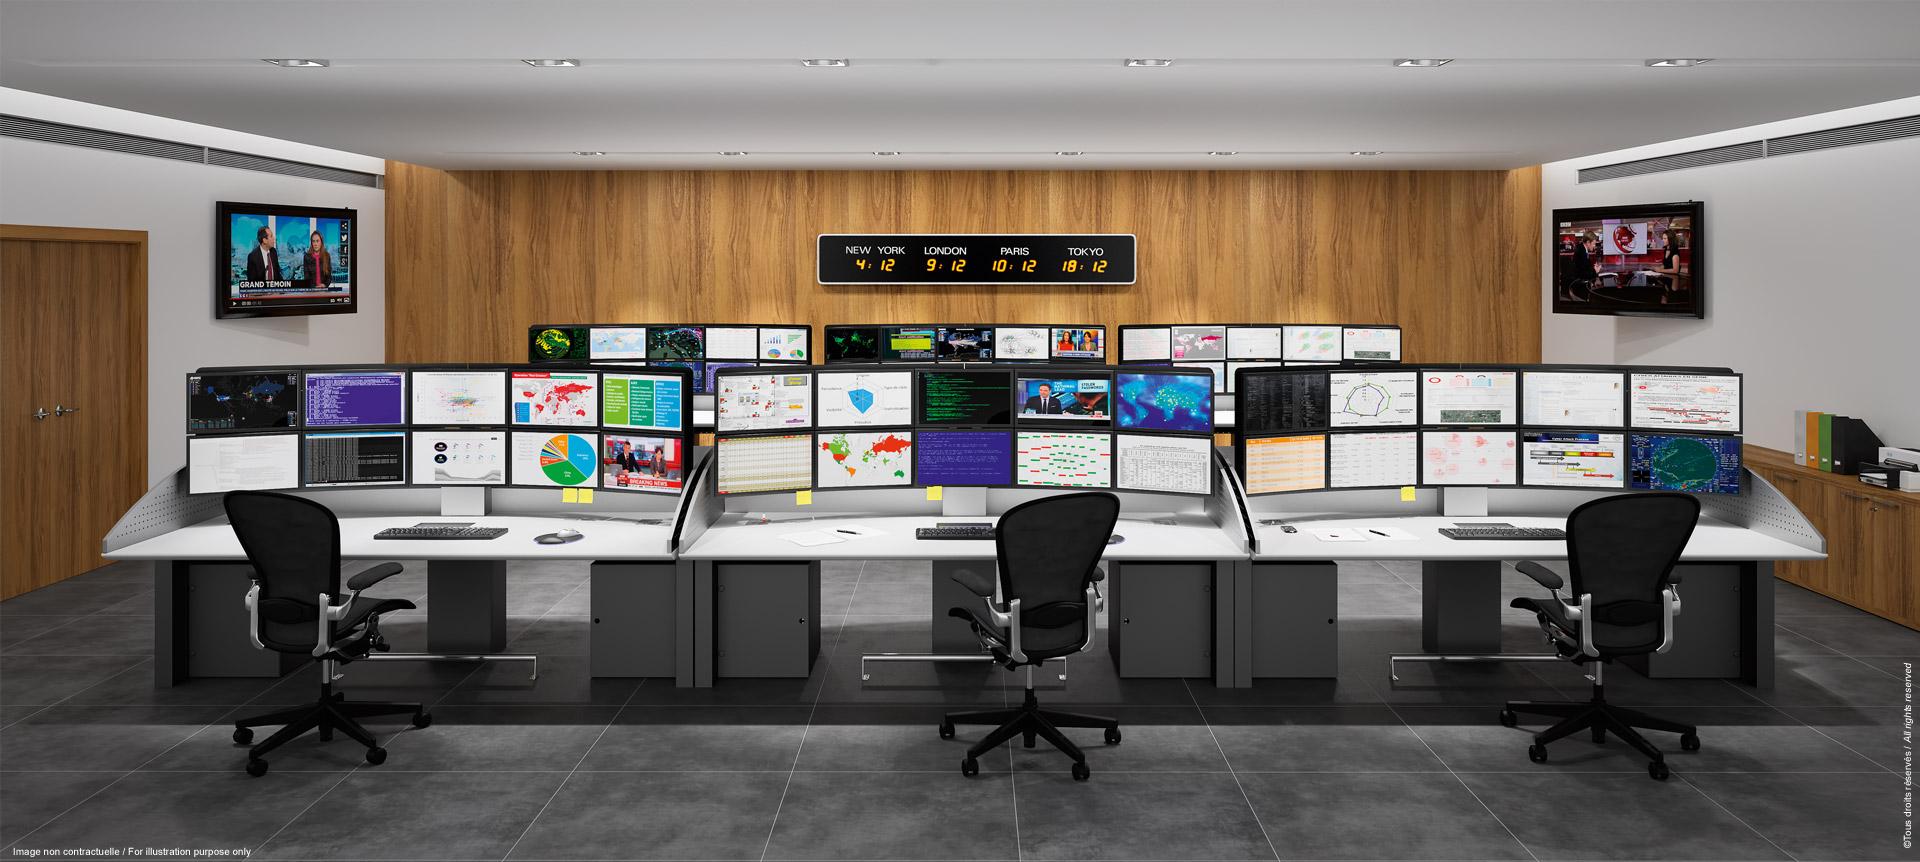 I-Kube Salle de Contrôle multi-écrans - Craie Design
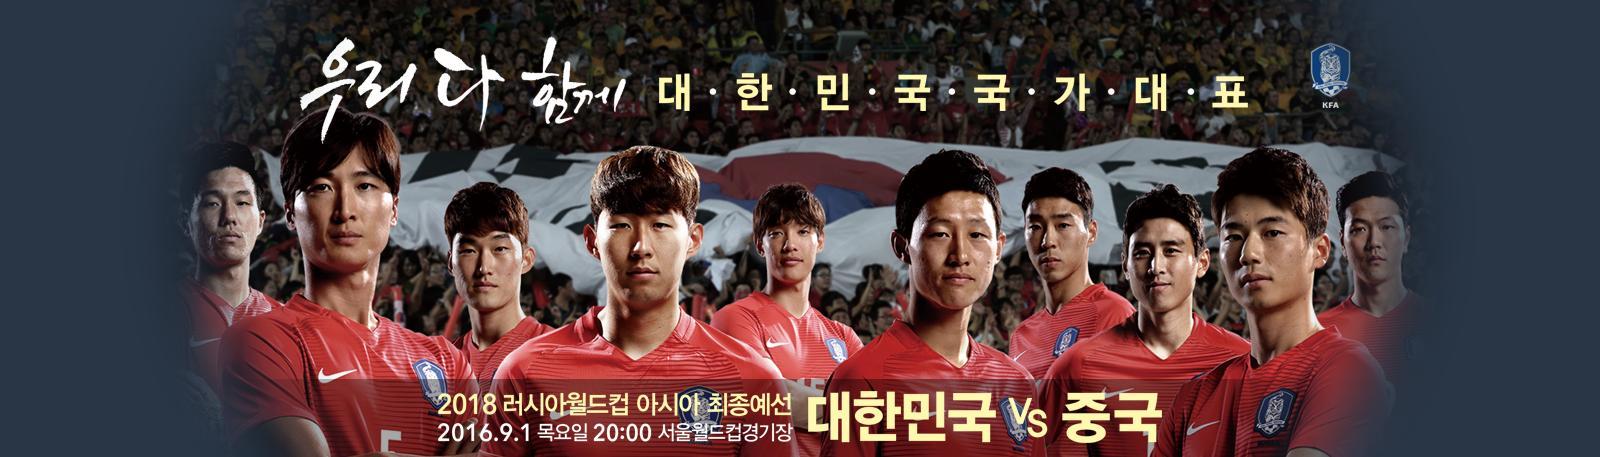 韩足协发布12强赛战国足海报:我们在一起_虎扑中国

* * *

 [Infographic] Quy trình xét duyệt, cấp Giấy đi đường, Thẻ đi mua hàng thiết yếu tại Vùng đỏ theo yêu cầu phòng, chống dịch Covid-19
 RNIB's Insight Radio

* * *

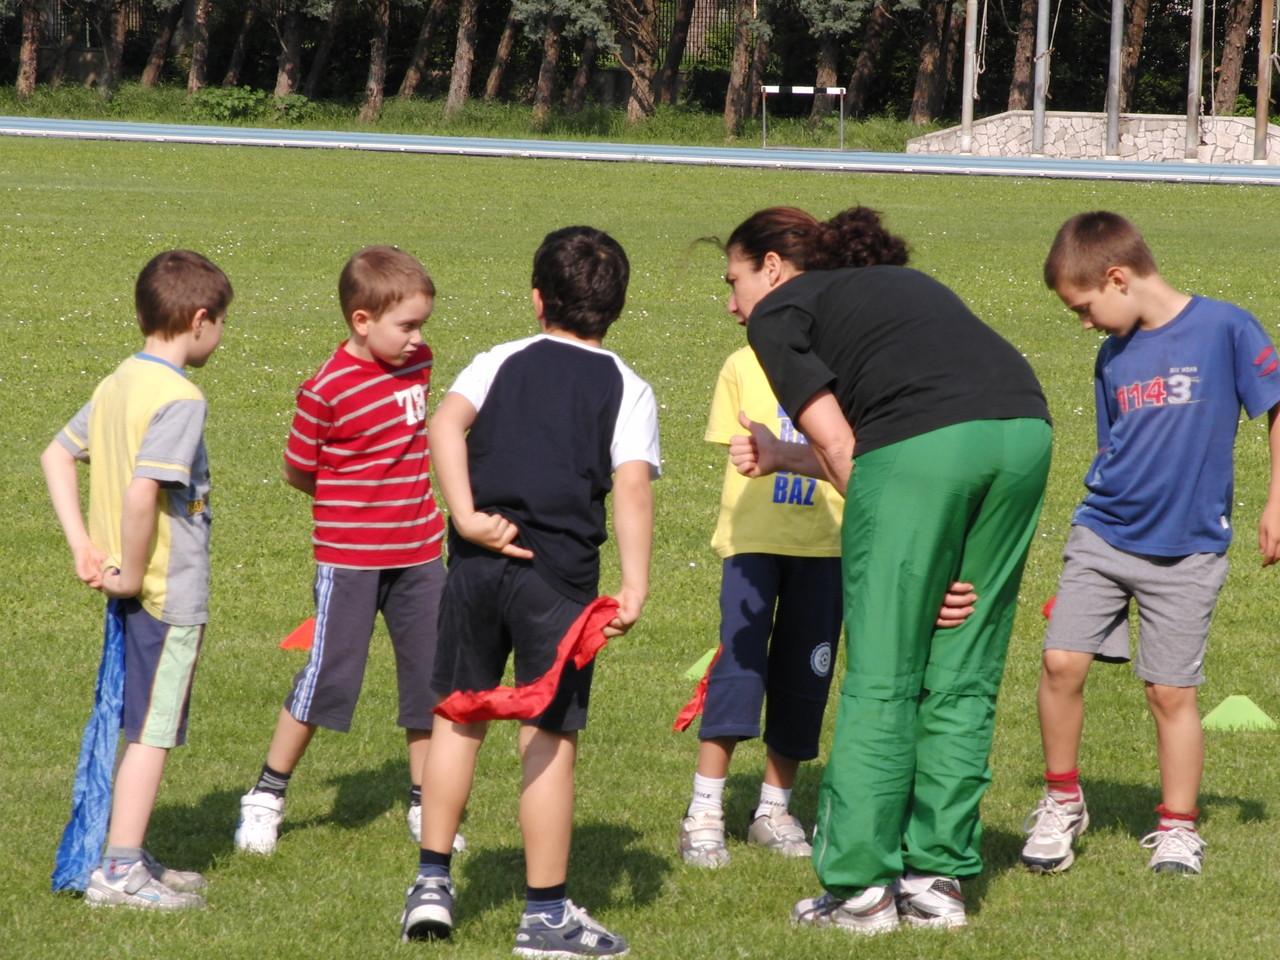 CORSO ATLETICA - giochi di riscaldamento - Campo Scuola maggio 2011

Work required: Would you print, exactly as written, every line above from the one holding "[Infographic] Quy trình" through the one holding "RNIB's Insight Radio", with both included and no other lines?

Answer to this problem:
 [Infographic] Quy trình xét duyệt, cấp Giấy đi đường, Thẻ đi mua hàng thiết yếu tại Vùng đỏ theo yêu cầu phòng, chống dịch Covid-19
 RNIB's Insight Radio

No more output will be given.